What is the use of a 2-player plot?

A

The convex hull, the shape cut out by each value from the actions for each player, determines which average payoffs are possible for some/any joint strategy. It finds the “feasible region”

21
Q

Define the minmax profile. How does it defer from the Security Level Profile? What is it used for?

A

It is a pair of payoffs (one for each player) that represents the payoffs that can be achieved by a player against an opponent who is acting in a malicious manner. (Play by assuming a zero-sum game). The security level profile is similar to the minmax profile but works for mixed strategies (minmax is for pure strategies).

It is used to find the “acceptable region” - what player can achieve guarantee itself in an adversarial situation. Think of it as an “preferable region”

22
Q

Why does the Folk’s Theorem max sense?

A

The opponent will always attempt to force you to the minmax (iterative prisoner’s dilemma this (D,D)) so for the both players it is better being told what to do.

23
Q

What is the Grim Trigger Strategy? In context, is the threat at all plausible?

A

Cooperate until the other player defects, then you defect always. (They’ve crossed the line and you won’t listen to them to go back to cooperating. This threat really isn’t plausible since you think you are foregoing the opponents reward to deal punishment but this also negatively hurts you.

24
Q

Define subgame perfect.

A

Subgame perfect, another type of equilibrium, is that players will always follow the strategy and that it will always give the best response.

To disprove, find a sequence of moves that one player might take that is better than what the machine strategy is suggesting. (Tit-for-Tat, Grim Trigger, etc.)

If plausible threats actually exist, then subgame perfect. If implausible threats then not subgame perfect.

25
Q

What is the Pavlov Strategy? What is unique about it?

A

Cooperate if both players agree, Defect if both players disagree. If opponent defects, then you defect (if cooperated before), continue to defect until the opponent decides to defect instead of cooperating.

It is subgame perfect, the plausible threat. It is worthwhile to punish your opponent when they defect against you. Since eventually the behavior will stabilize and both (Pavlov vs. Pavlov) will eventually end up cooperating.

26
Q

What is the Computational Folk Theorem?

A

For any non-zero sum 2-player game, you can build a Pavlov-like machine, a subgame perfect Nash Equilibrium for any game in polynomial time. Some mutual benefit must exist, that is the game CANNOT be zero-sum.

27
Q

Stochastic Games? How do the generalize down if some constraints are placed on them?

A

Generalize to MDPs and are formal model of Multi-Agent RL.

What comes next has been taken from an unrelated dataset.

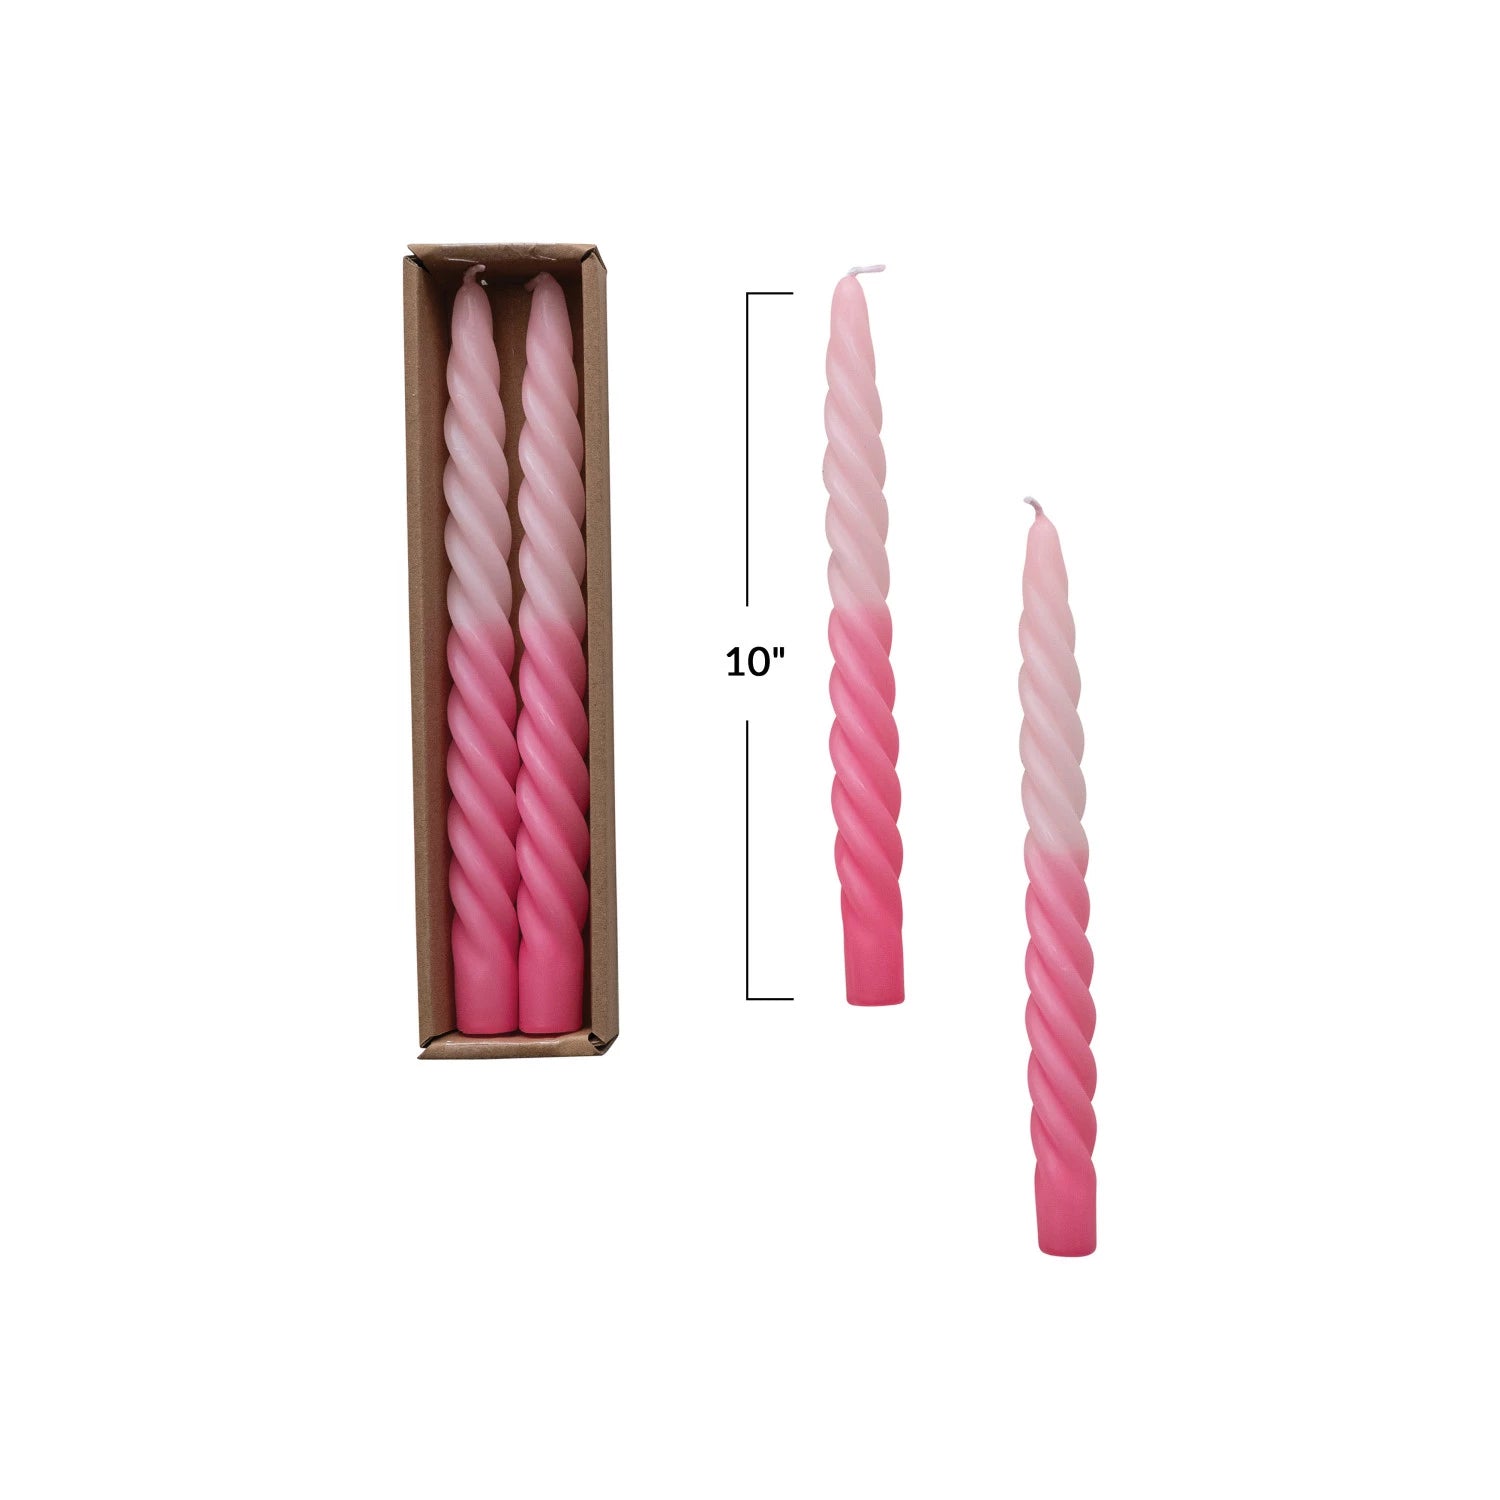 Unscented Twisted Taper Candles, Pink Ombre, Set of 2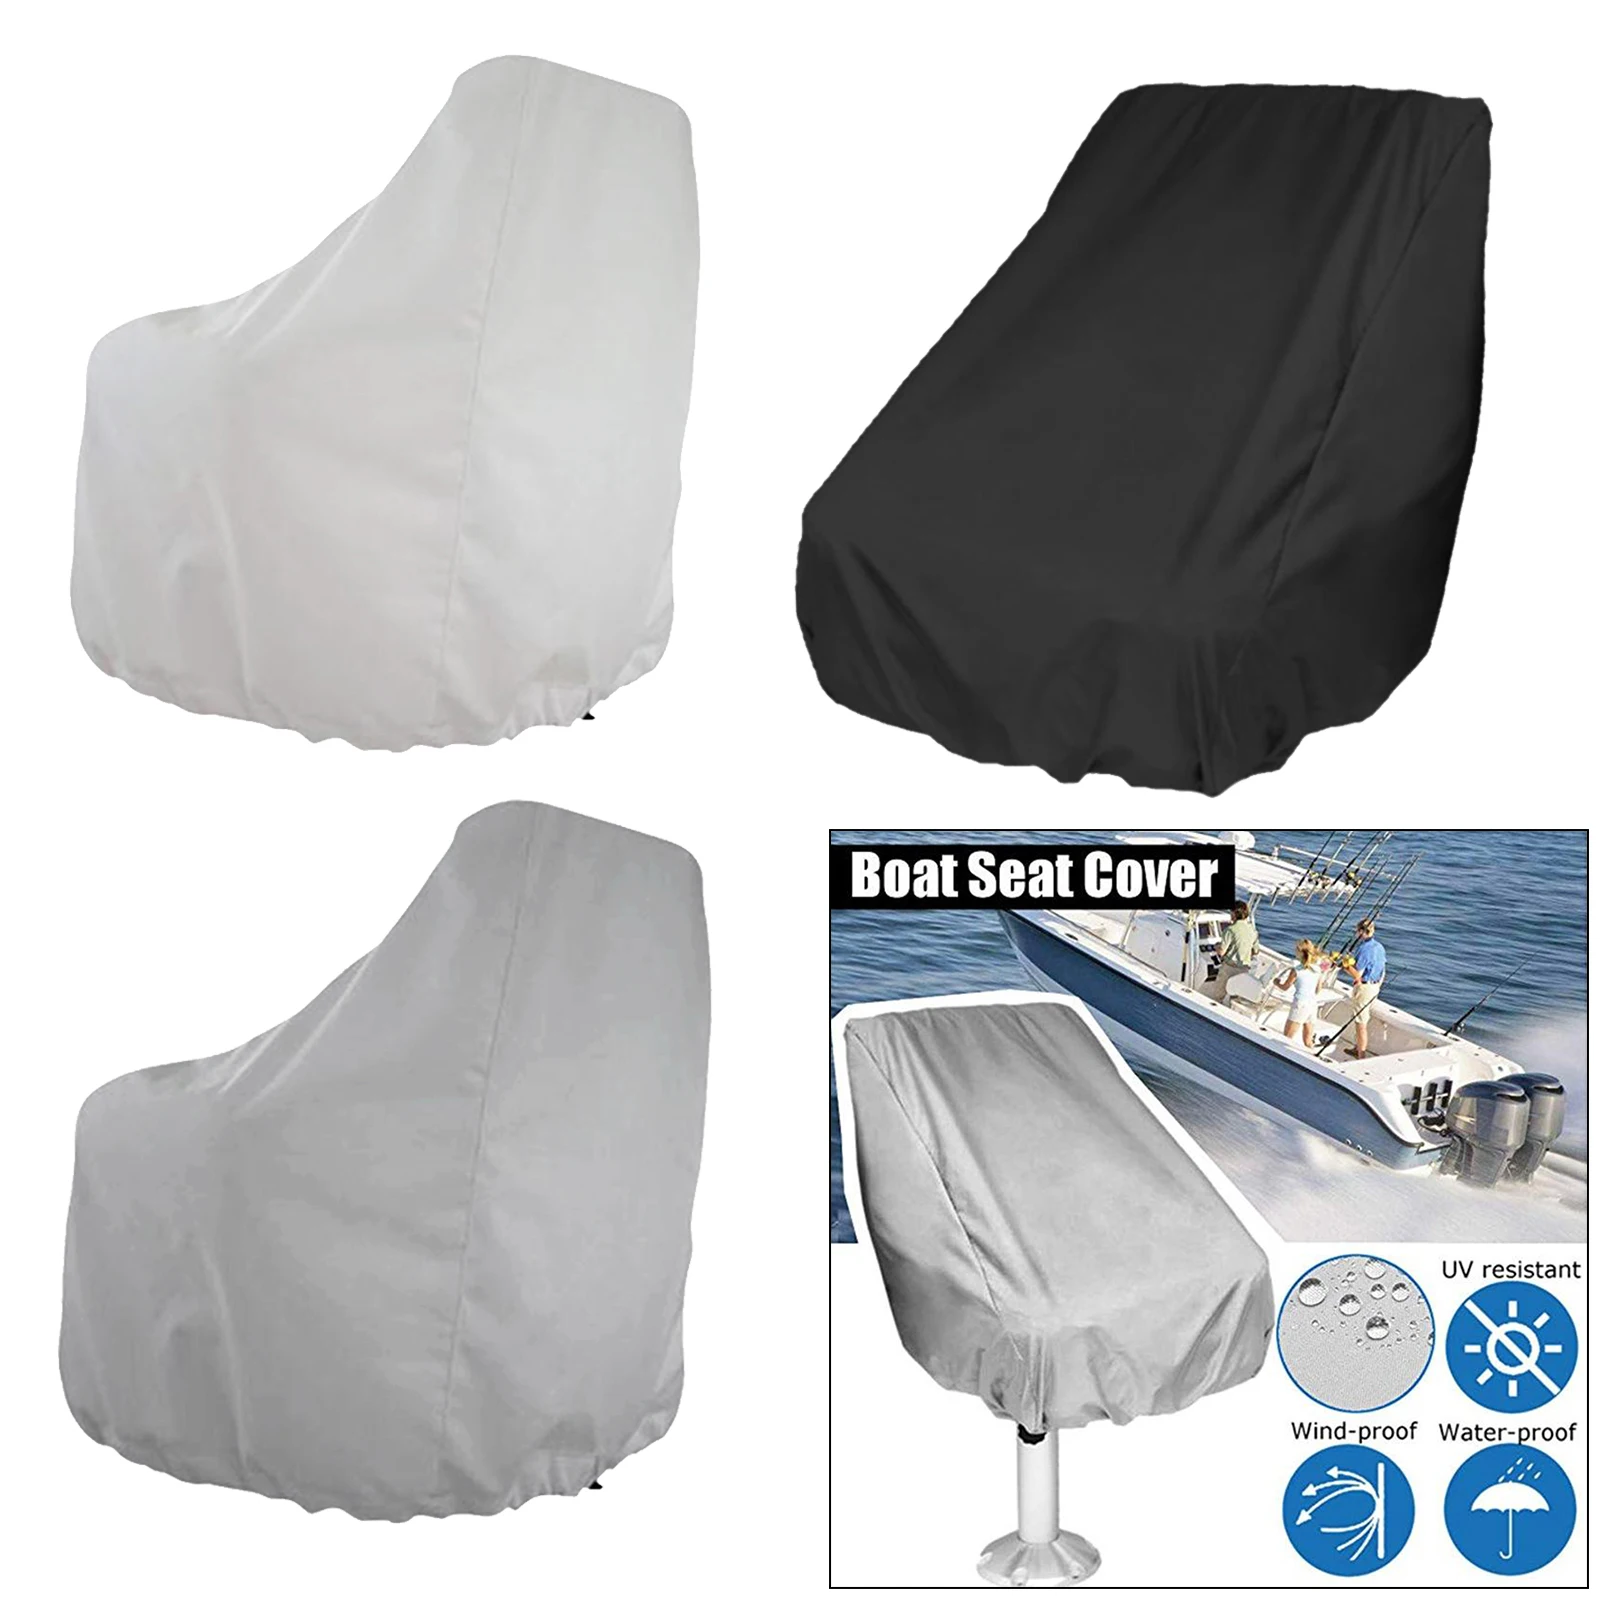 Boat Seat Cover, Folding Waterproof Heavy-Duty Weather Resistant Fabric Protects Fishing Captains Chair

  1. Reward A = - Reward B –> then Zero-Sum Game
  2. if Player B becomes irrelevant –> then MDP
  3. If size of state S = 1 –> then repeated game.
28
Q

What are solutions to Stochastic Games. Zero-Sum? General-Sum?

A

Zero-Sum: minimax-Q

  • value iteration will work.
  • converges
  • unique solution, one answer, to Q*
  • policies can be computed independently. Each player can run their own minimax-Q and achieve the same policies.
  • update efficient = polynomial time
  • Knowing Q* we can derive a specific policy.

General-Sum: Nash-Q

  • everything above fails.
  • No unique solution since there can exist multiple Nash equilibria.